__Supplied information__:
· · · · · · ·

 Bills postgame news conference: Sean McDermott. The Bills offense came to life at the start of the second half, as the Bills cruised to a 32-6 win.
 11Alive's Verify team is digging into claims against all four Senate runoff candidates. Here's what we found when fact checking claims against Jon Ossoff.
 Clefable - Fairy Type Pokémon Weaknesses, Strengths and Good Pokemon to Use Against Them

· · · · · · ·

__To do__:
Each line of the listing should be retyped exactly, with nothing left out.

__Completed exercise__:
 Bills postgame news conference: Sean McDermott. The Bills offense came to life at the start of the second half, as the Bills cruised to a 32-6 win.
 11Alive's Verify team is digging into claims against all four Senate runoff candidates. Here's what we found when fact checking claims against Jon Ossoff.
 Clefable - Fairy Type Pokémon Weaknesses, Strengths and Good Pokemon to Use Against Them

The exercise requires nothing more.